(I'm sure there are various German things to criticize or to make fun of. Much of what I read here, however, says more about the (US?!) authors, though.)
Does it matter. It's just some arbitrary company. They do have the freedom to decide those things however they want, right? The customer can then decide whether to switch or not.
It matters because if it works and people continue using the platform then other providers will follow and the only remaining E2EE providers will be niche.
If there is nothing else, then you as a customer has screwed up with it before, right? And then the entire strategy/philosophy is maybe to be reviewed?!
Or, in other words: If there is no alternative, this is due to your own faults. Either deal with it, or find ways to undo your mistakes.
Exactly. And once those ones are established: Why not have all discussions there; not just the ones where you explicitly want to hide something (for whatever dubious or legit reason).
Yes, indeed, as far as I understood younger people, they'd definitely do a lot of "very smart things" (tm) before they get the idea that one can indeed exchange email addresses via tiktok. Guess what: It's not solely for emojies! :-p Theoretically - although no one ever did - you _could_ exchange useful information there as well.
Are there any BAR forks or alternatives that don't force me into proprietary walled gardens for exchange with the community? I would even donate! Even regularly!
I'm always baffled why there are obviously enough people (not only here in particular; but also here; and sure, it's not a majority, but it's enough people to actually have some influence) who can formulate all these claims, but the actual movement is quite disappointing.
As long as everybody knows that you are just talking, but in the end you are basically fine with everything and declare "pragmatism" and all those lame excuses from the last ~20 years, there will never be any actual movement for the better. So why taking care and constantly having those lengthy debates?
Is it just your way to deal with frustration? Or what are these discussions actually for?
I'm really just asking, because I'm actually asking that myself since quite some time now. I just don't get it. The same for some other yet similar topics, e.g. having these dependencies to corporate social media, ..., ...
Additional thought: I also constantly find people somewhere, fighting some decades old fight, e.g. against Windows and Microsoft, and how bad it is in terms of privacy, sovereignty, freedom, ..., and Recall, etc.; but if you ask them "Do you use WhatsApp?", they don't even have a clue why you ask...
IMHO, if the community isn't able to recognize that entire mindset as problematic AND find some actual solutions for it, there is no value in all these discussions.
Well, mistakes like iPhones being closed have existed for decades, enshittification on modern computers is still relatively new. What makes no sense is people who should know better giving into fear based locked down computing for idiotic reasons.
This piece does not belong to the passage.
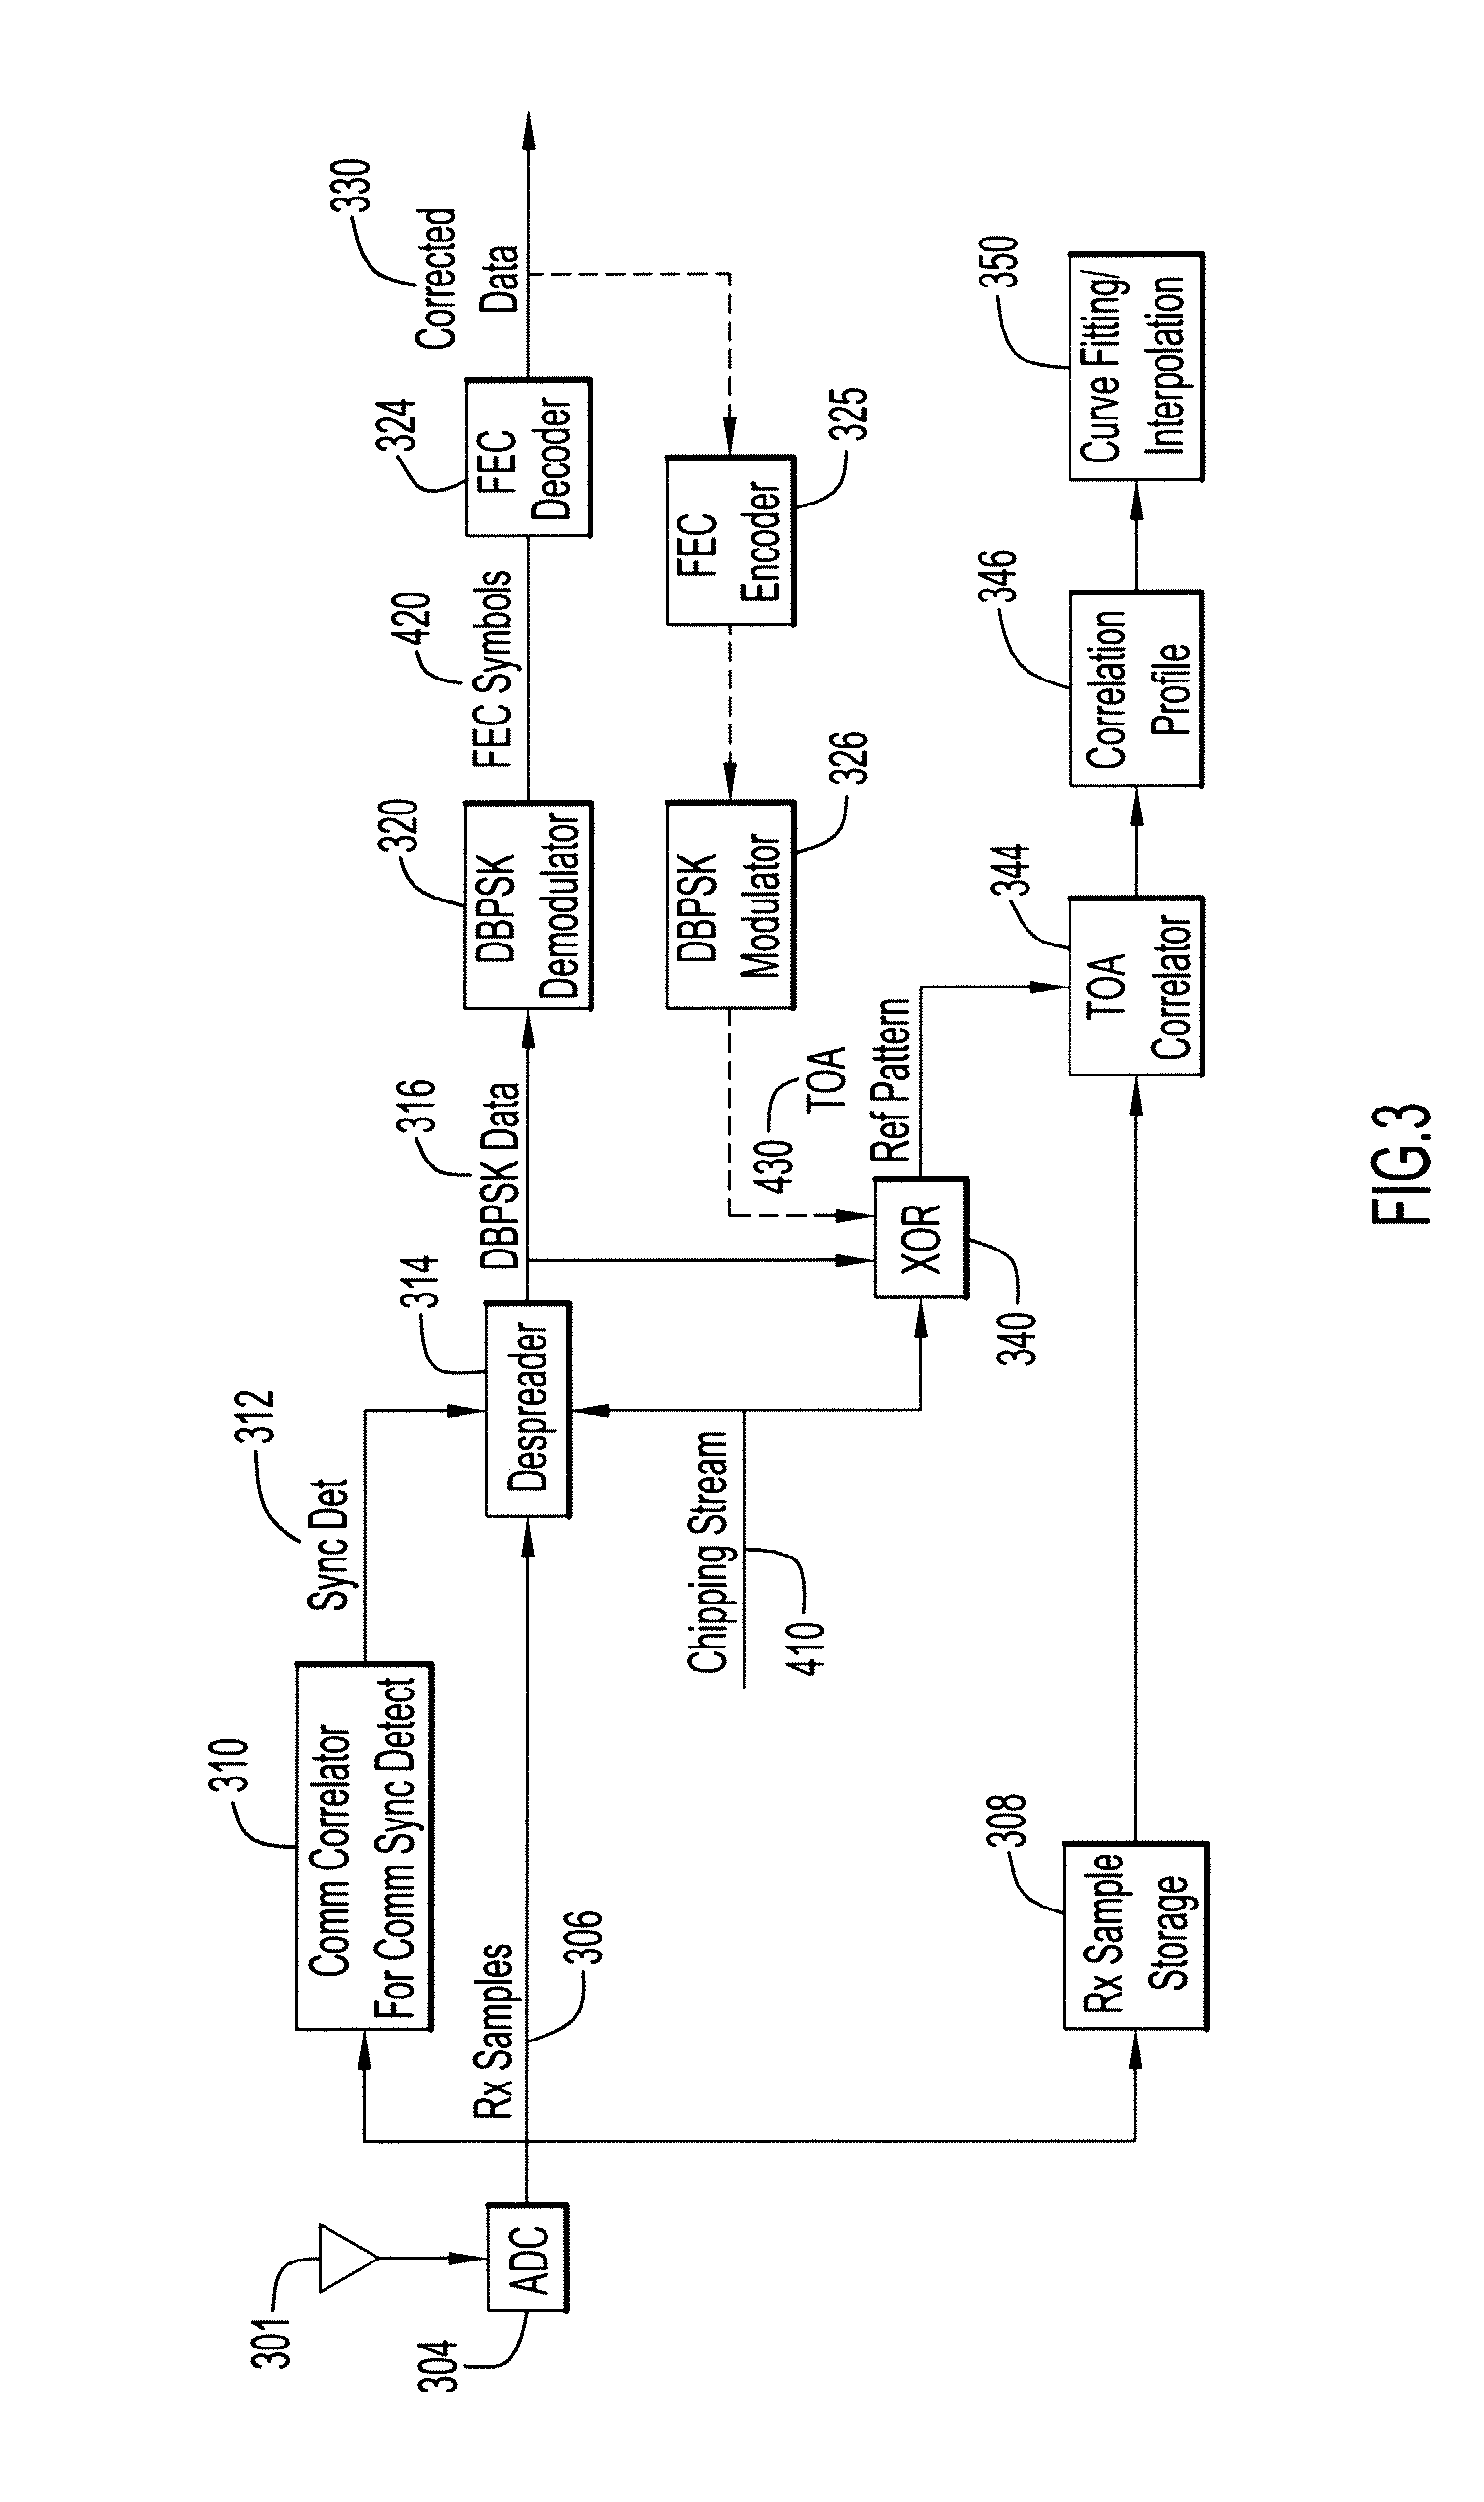 Ranging Between Radios Using Pseudo Time of Arrival Sequence

Some things were always wrong. Since day 1. And since day 1 there were people (e.g. me) who constantly told the others. But got ignored.
No, enshittification is not new. It was obvious from day 1 that it will eventually happen. To everybody who know basic mechanisms of how human beings interact with each other.
Sometimes people come to me and say "yeah, well, it's about technology, that's not my business, and I don't really care". This is stupid in various regards. At first, the same people shifted their entire life into that 'technology', and were constantly crying how everything is going to be digital in the future. Beyond that, the entire topic is not at all about tech. It's about how human beings interact. About markets, and all kinds of non-tech things.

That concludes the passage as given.